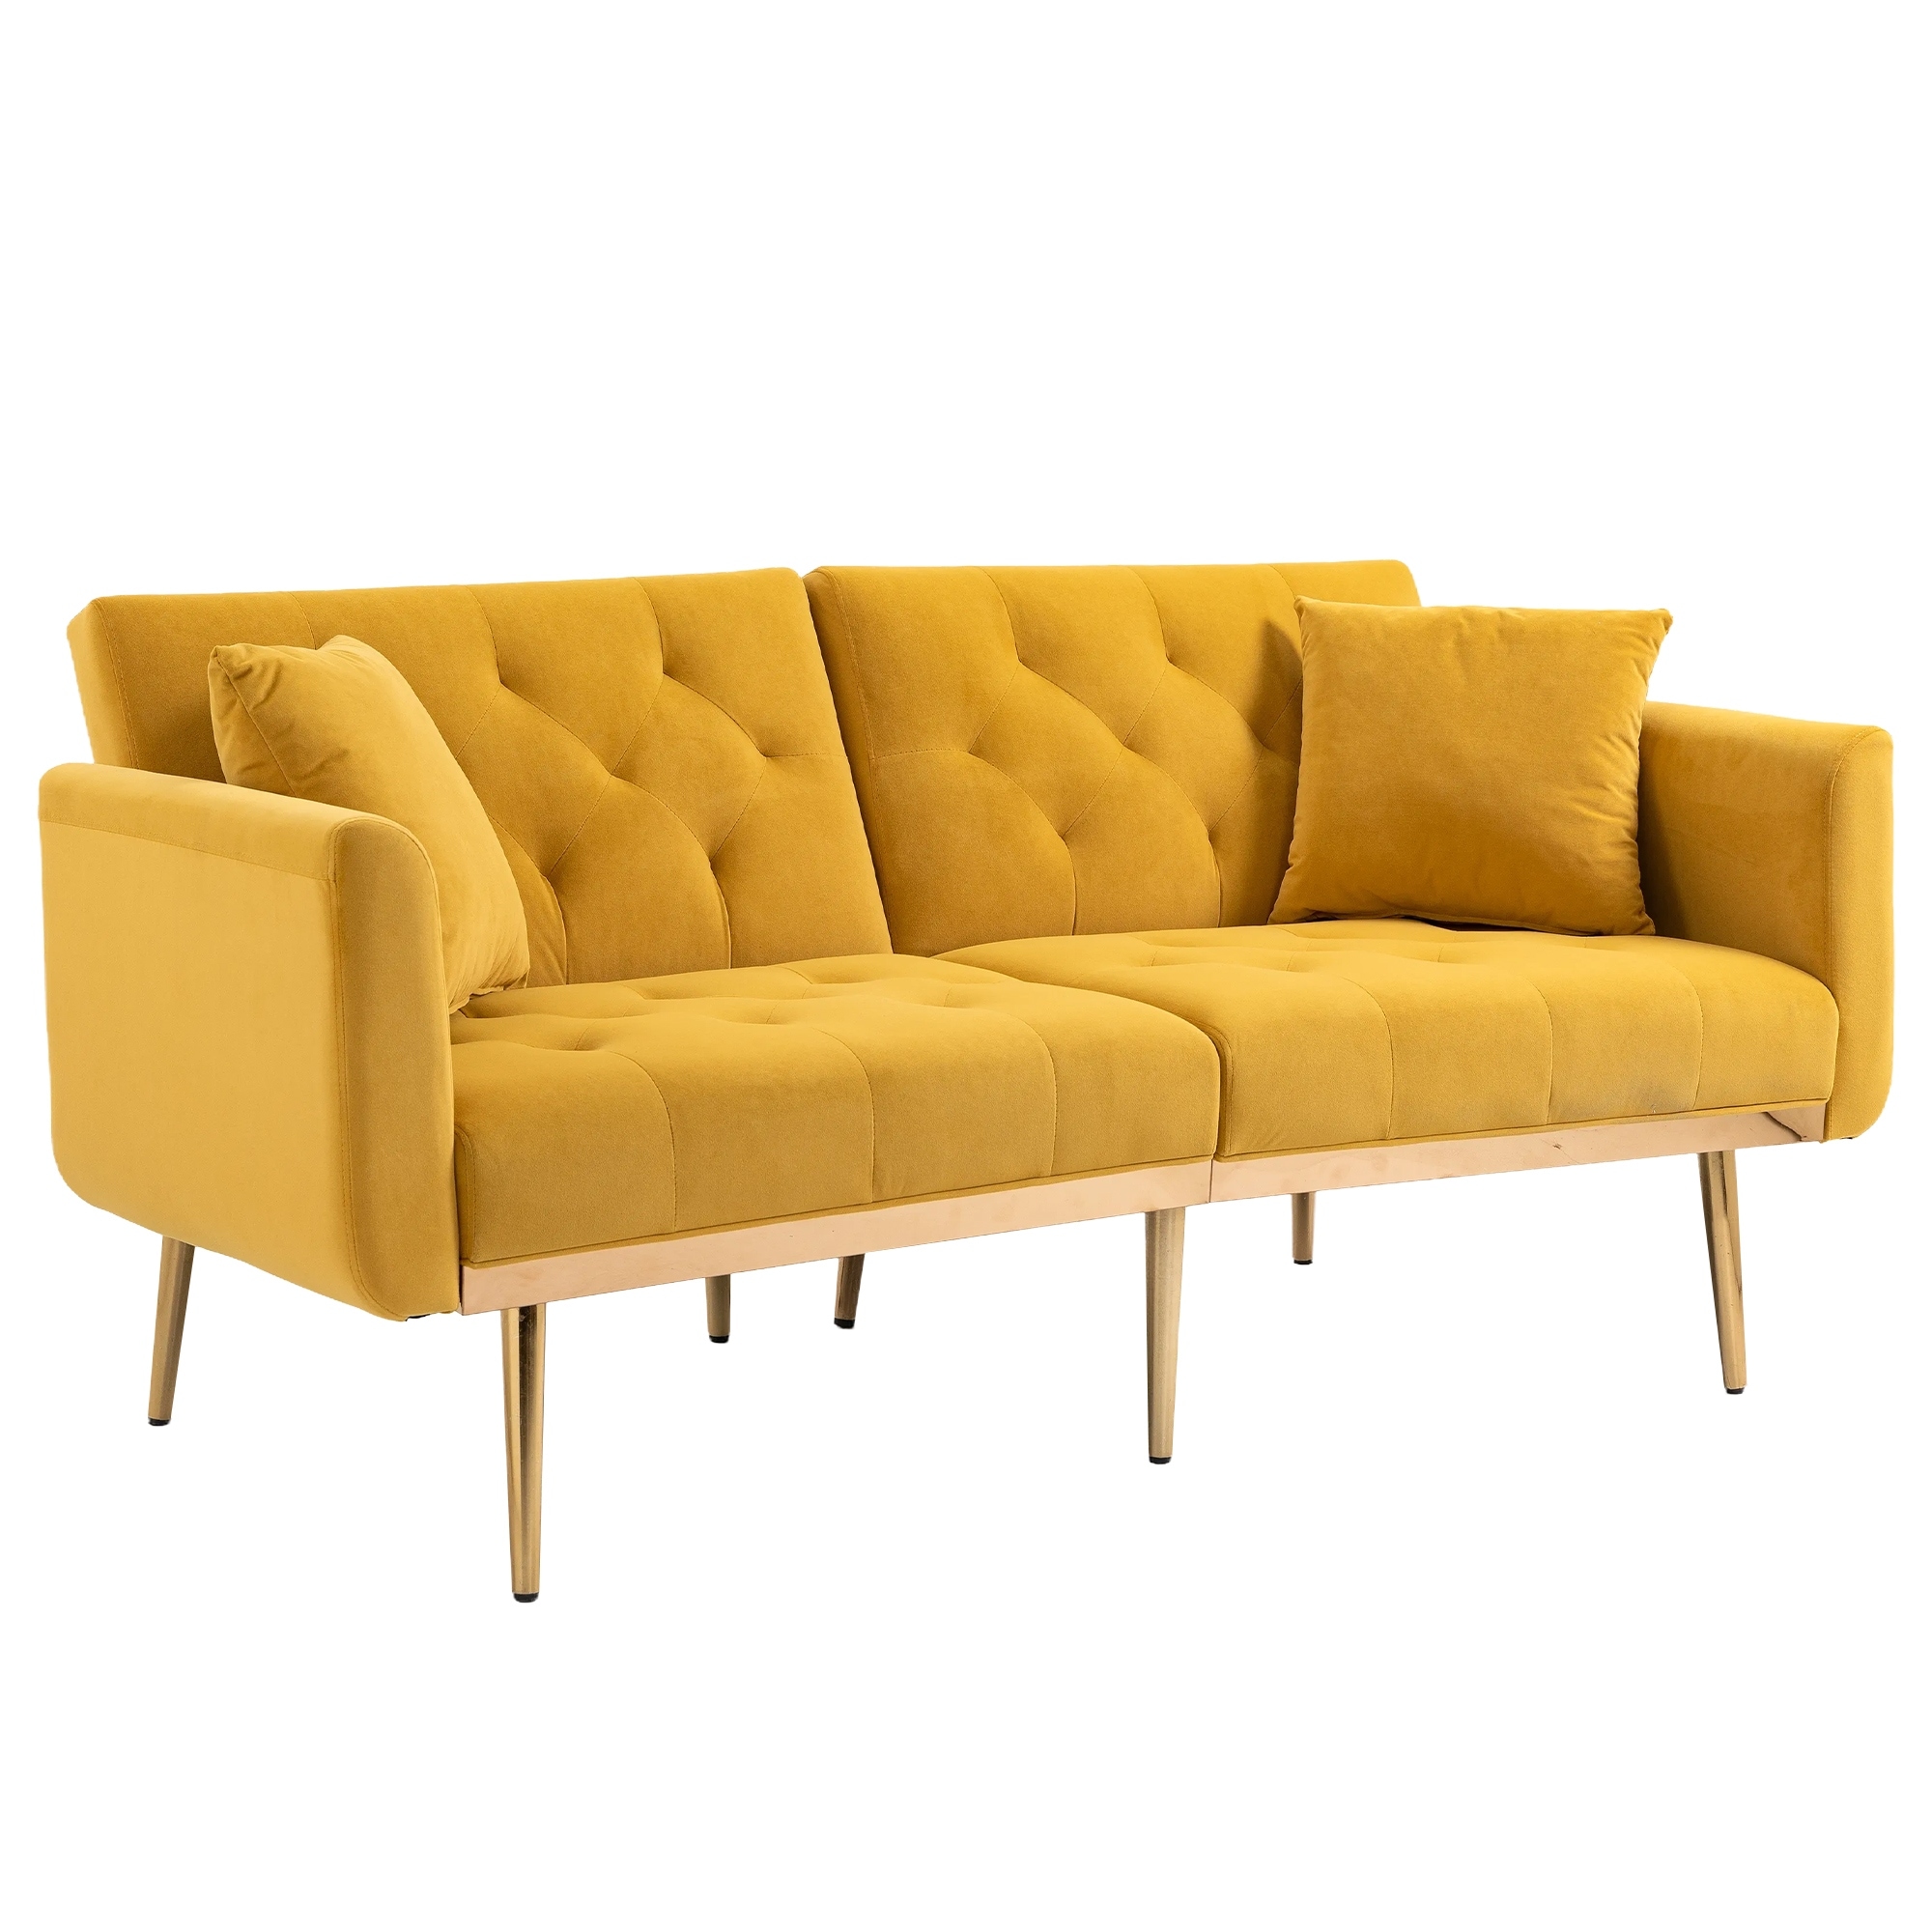 Velvet Upholstery Loveseat Sleeper Sofa W/ Metal Legs  Mustard
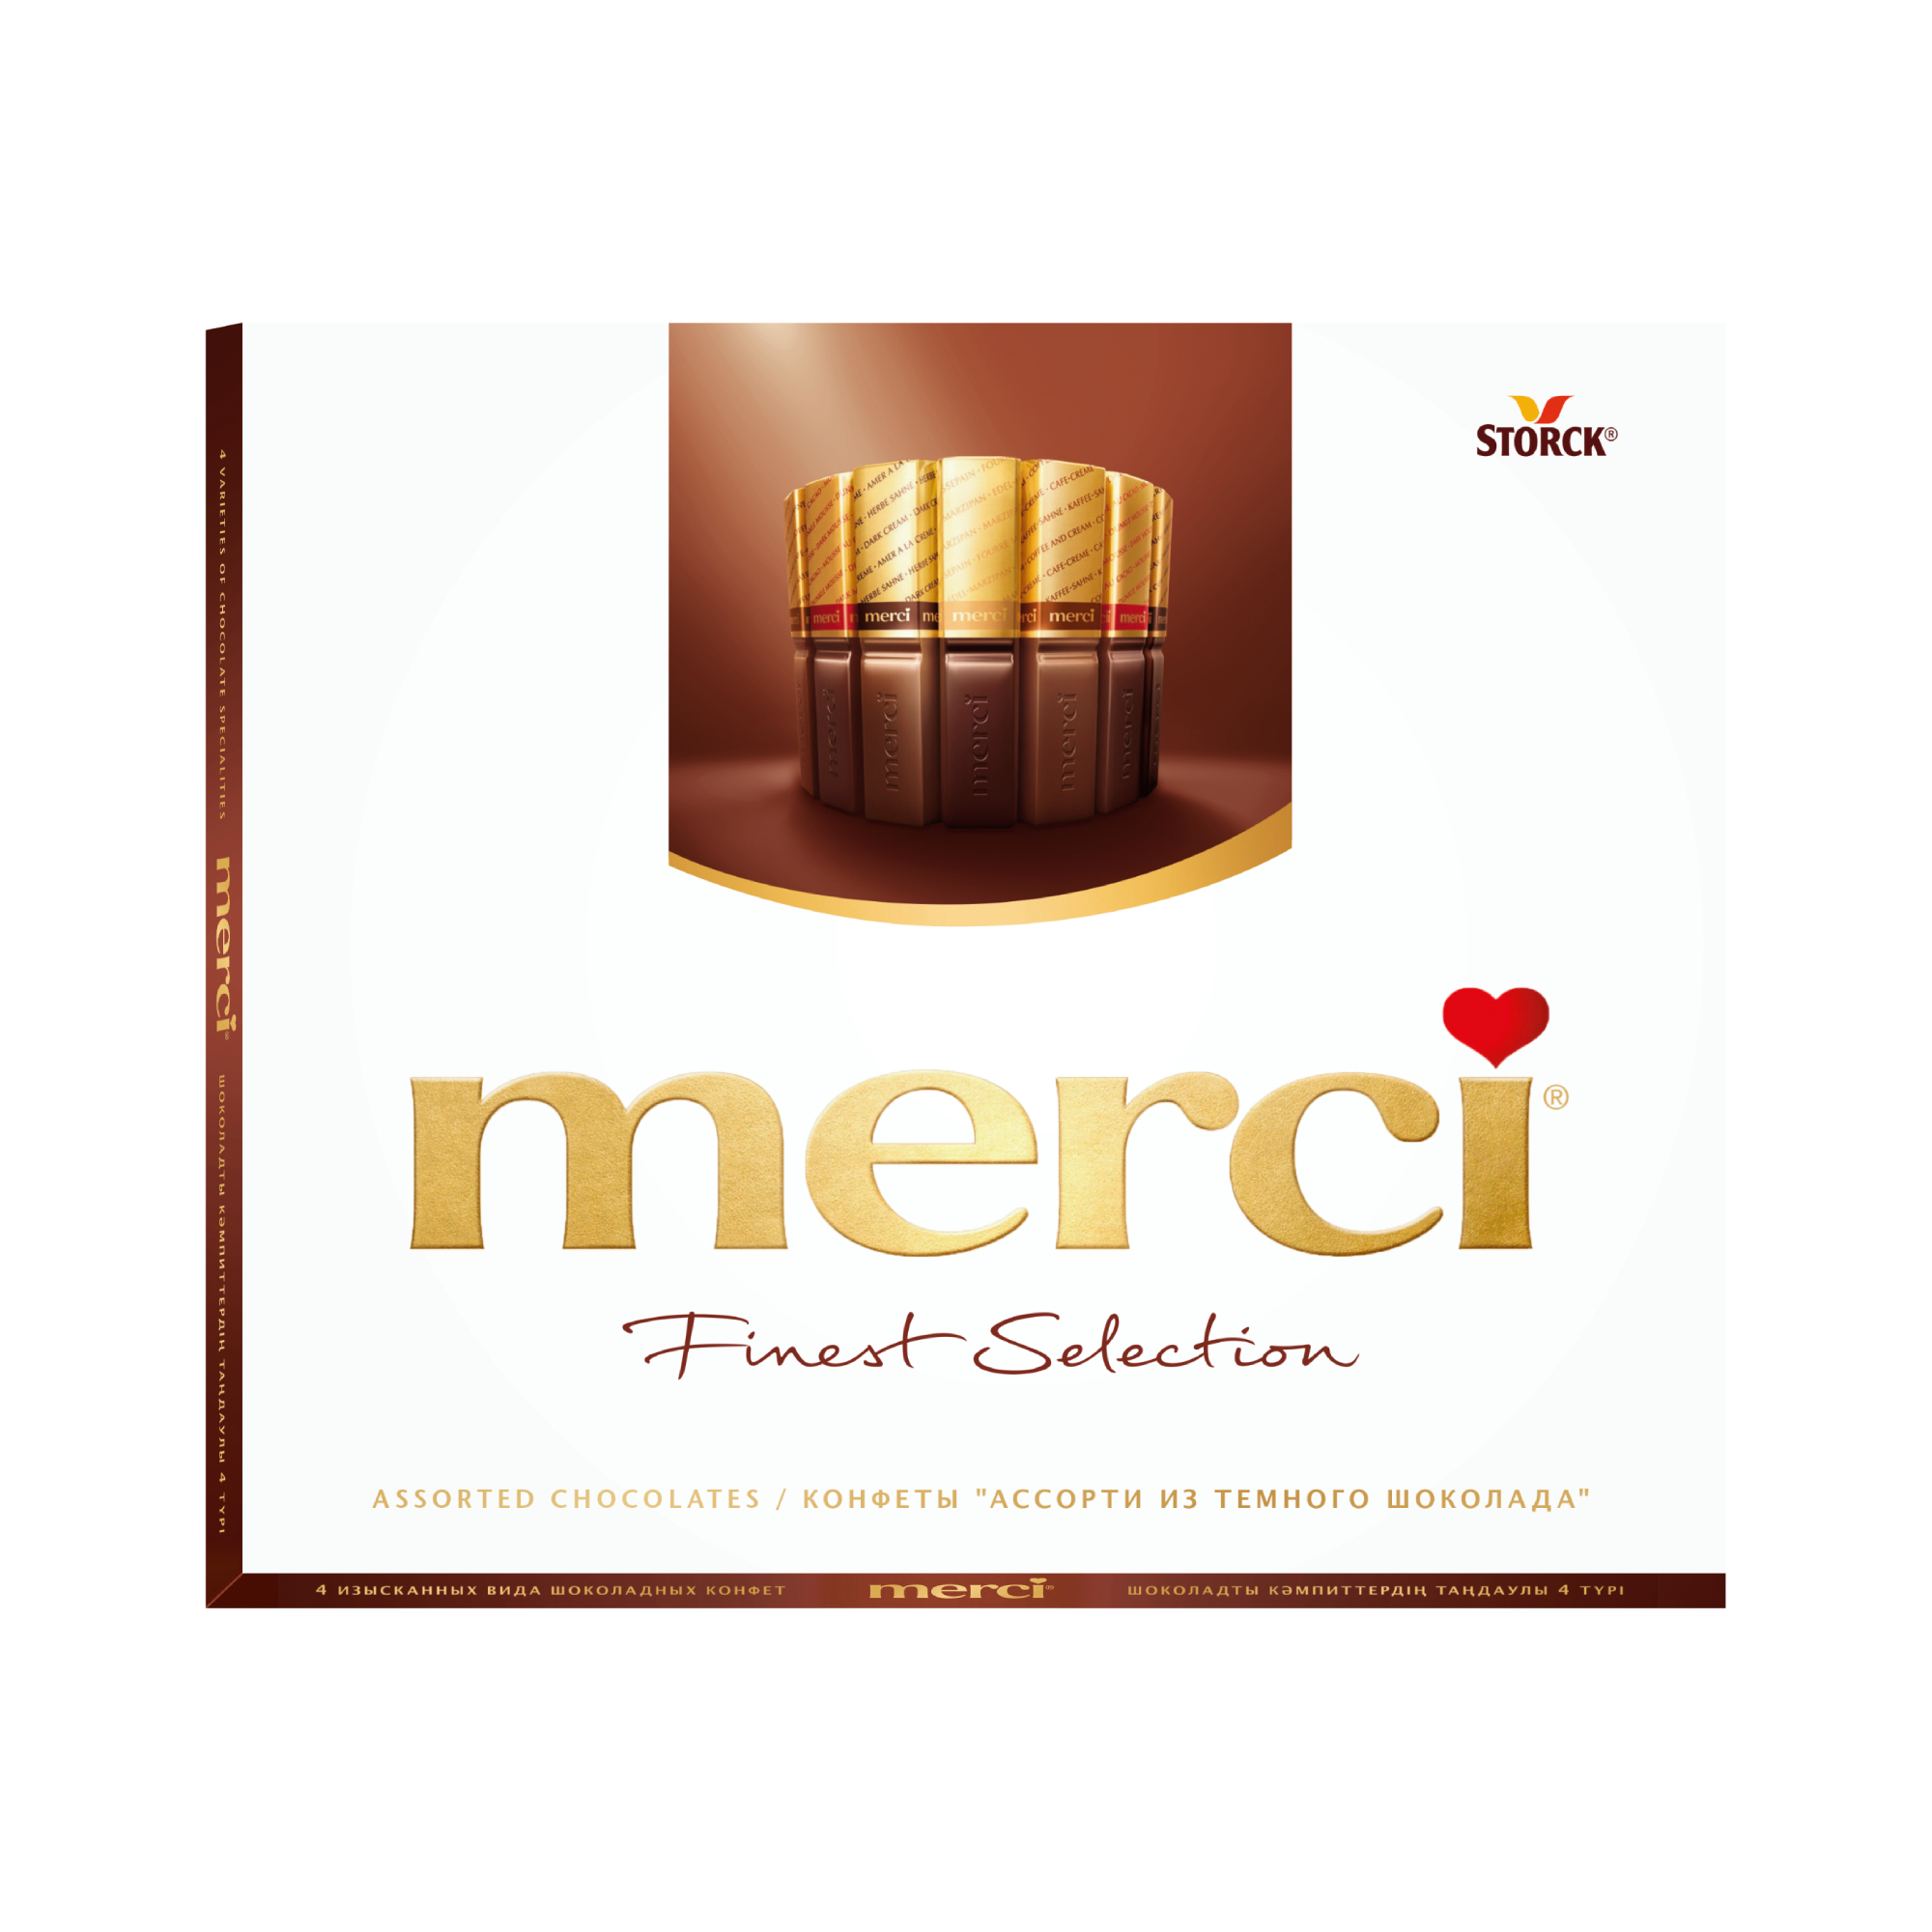 Шоколадный набор Storck Merci Ассорти 4 вида с начинкой из шоколадного мусса 210 г набор свечей столбиков 2 шт 4х6 см шоколадный трюфель
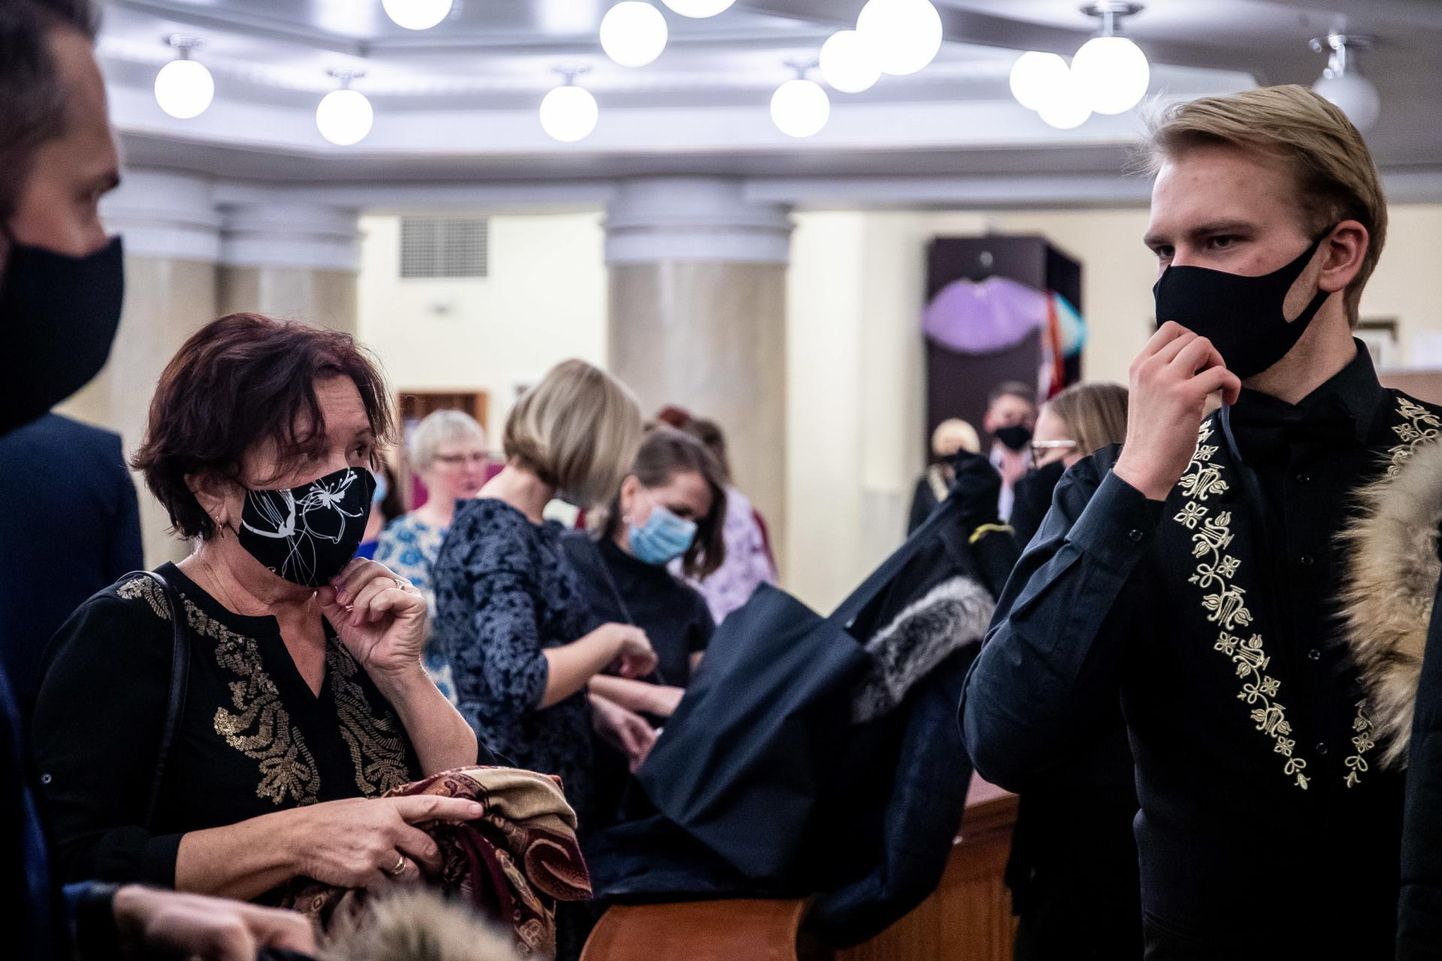 Вчера в театре "Эстония" публика была в масках, люди старались соблюдать дистанцию друг с другом.

########################################

EXERCISE AIM:
Except for the pictures, write the data out exactly.

EXERCISE RESULT:
 Velvet Upholstery Loveseat Sleeper Sofa W/ Metal Legs  Mustard
 Шоколадный набор Storck Merci Ассорти 4 вида с начинкой из шоколадного мусса 210 г набор свечей столбиков 2 шт 4х6 см шоколадный трюфель
 Вчера в театре "Эстония" публика была в масках, люди старались соблюдать дистанцию друг с другом.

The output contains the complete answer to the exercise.